Biogeochemical Fluxes in the Cariaco Basin

To demonstrate the applicability of the SMF framework to real ecosystems, we constructed an SMF model for the Cariaco Basin subeuphotic water column (depths 180–900 m, roughly spanning from hypoxia to anoxia, with ${\mathrm{O}}_2$ concentrations $\sim 0\text{–}70\hspace{0.17em}\mathrm{\mu }\mathrm{M}$) during the years 2001–2014. Within this time interval and depth range, water exchange with the open ocean was limited (34), eddy diffusion was the main mode of vertical transport (27, 77, 90), and microbial productivity was likely largely fueled by the supply of inorganic reductants (especially sulfide) from the sediments (18, 35, 82).

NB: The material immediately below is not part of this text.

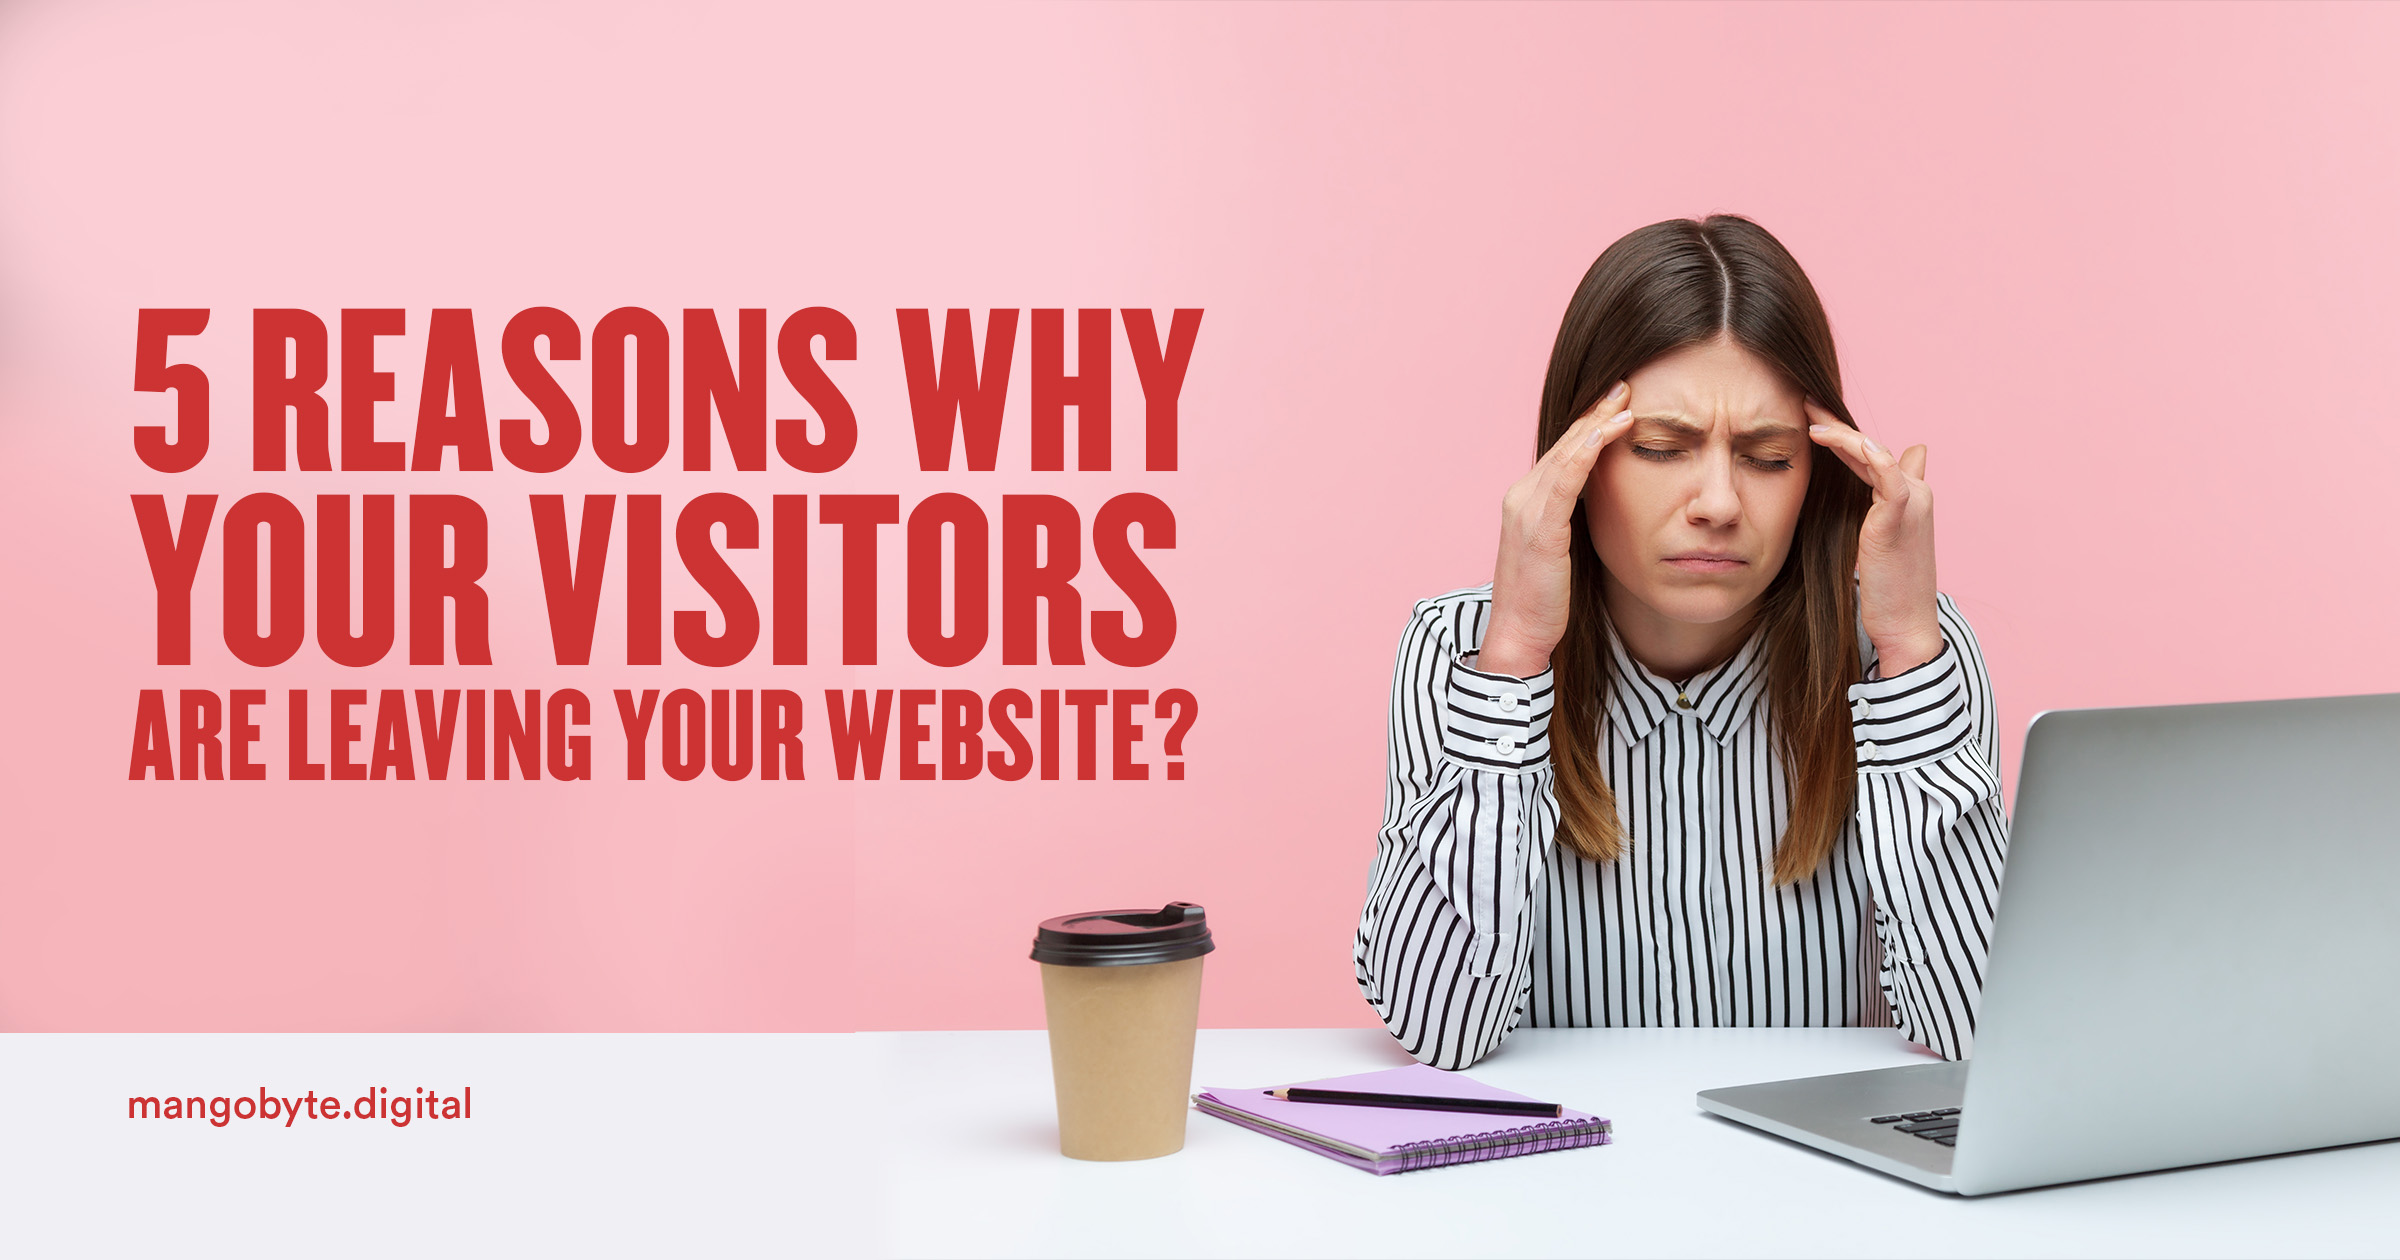 Reasons why visitors are leaving your website

While this system appeared at times to be near biogeochemical steady state, substantial fluctuations and decadal dynamics have also been observed, especially with regard to sulfide fluxes (18, 34, 82, 91) (Fig. 3C). This system thus provides an opportunity to test the robustness of the SMF framework under steady-state as well as non–steady-state conditions. We considered major inorganic electron donors and acceptors (oxygen, nitrate, nitrite, hydrogen sulfide, ammonium), diffusing downward from the overlying layers or diffusing upward from the basin bottom or sediments (27, 77, 82), and redox pathways using or producing these metabolites and believed to be of importance to biogeochemical cycling in Cariaco Basin (18, 27, 57, 92– 94): aerobic oxidation of sulfide, ammonium, or nitrite; anaerobic oxidation of sulfide using nitrate (producing nitrite); anaerobic oxidation of sulfide using nitrite (producing ${\mathrm{N}}_2$); and anaerobic ammonium oxidation using nitrite (anammox). We ignored carbon remineralization, the bulk of which likely occurs outside of the considered depth range (mostly in the euphotic zone and sediments, but potentially including the bottom of the basin, depths 900–1,400 m), based on measured heterotrophy rate profiles (SI Appendix, Fig. S4A) and based on relatively low estimated net in situ sulfate reduction rates (82). To parameterize and validate our model, we used geochemical data generated by the CARIACO Ocean Time Series program at a single station (34, 35) and previously estimated eddy diffusion coefficients (82). We used chemical concentrations, measured at depths 180 m and 900 m, as boundary values for the SMF model, and predicted the hotspot locations and reaction rates between those boundaries at various time points, by minimizing a stress function as described above (Eq. 14 in Methods).

Fig. 3.

Chemical concentration profiles in the Cariaco Basin (data vs. predictions). (A–D) Concentrations of oxygen (${\mathrm{O}}_2$, A), nitrate (${\mathrm{N}\mathrm{O}}_3^{-}$, B), hydrogen sulfide (${\mathrm{H}}_2\mathrm{S}$, C), and ammonium (${\mathrm{N}\mathrm{H}}_4^{+}$, D), measured in the Cariaco Basin over depth and time. Black dots indicate original data points. White dashed curves indicate the deepest point of oxygen penetration (A, $\left[{\mathrm{O}}_2\right]\le 2\hspace{0.17em}\mathrm{\mu }\mathrm{M}$), the deepest point of nitrate penetration (B, $\left[{\mathrm{N}\mathrm{O}}_3^{-}\right]\le 1\hspace{0.17em}\mathrm{\mu }\mathrm{M}$), the shallowest point of sulfide penetration (C, $\left[{\mathrm{H}}_2\mathrm{S}\right]\le 1\hspace{0.17em}\mathrm{\mu }\mathrm{M}$), and the shallowest point of ammonium penetration (D, $\left[{\mathrm{N}\mathrm{H}}_4^{+}\right]\le 1\hspace{0.17em}\mathrm{\mu }\mathrm{M}$). (E–H) Concentration profiles of the same metabolites as in A–D, predicted solely based on the boundary values at 180 m and 900 m using an SMF model with a single hotspot. Fractions of variance explained by the model ($R^2$) are written inside the plots. White dashed curves indicate the location of the hotspot predicted by the model. For a closer comparison between predicted hotspot locations and chemical zone boundaries, see Fig. 4A. (I–L) Predicted metabolite concentrations at specific time points (January 1, 2007 or January 1, 2010, blue curves), compared with concentrations measured around that time (within $\pm$9 mo, gray dots).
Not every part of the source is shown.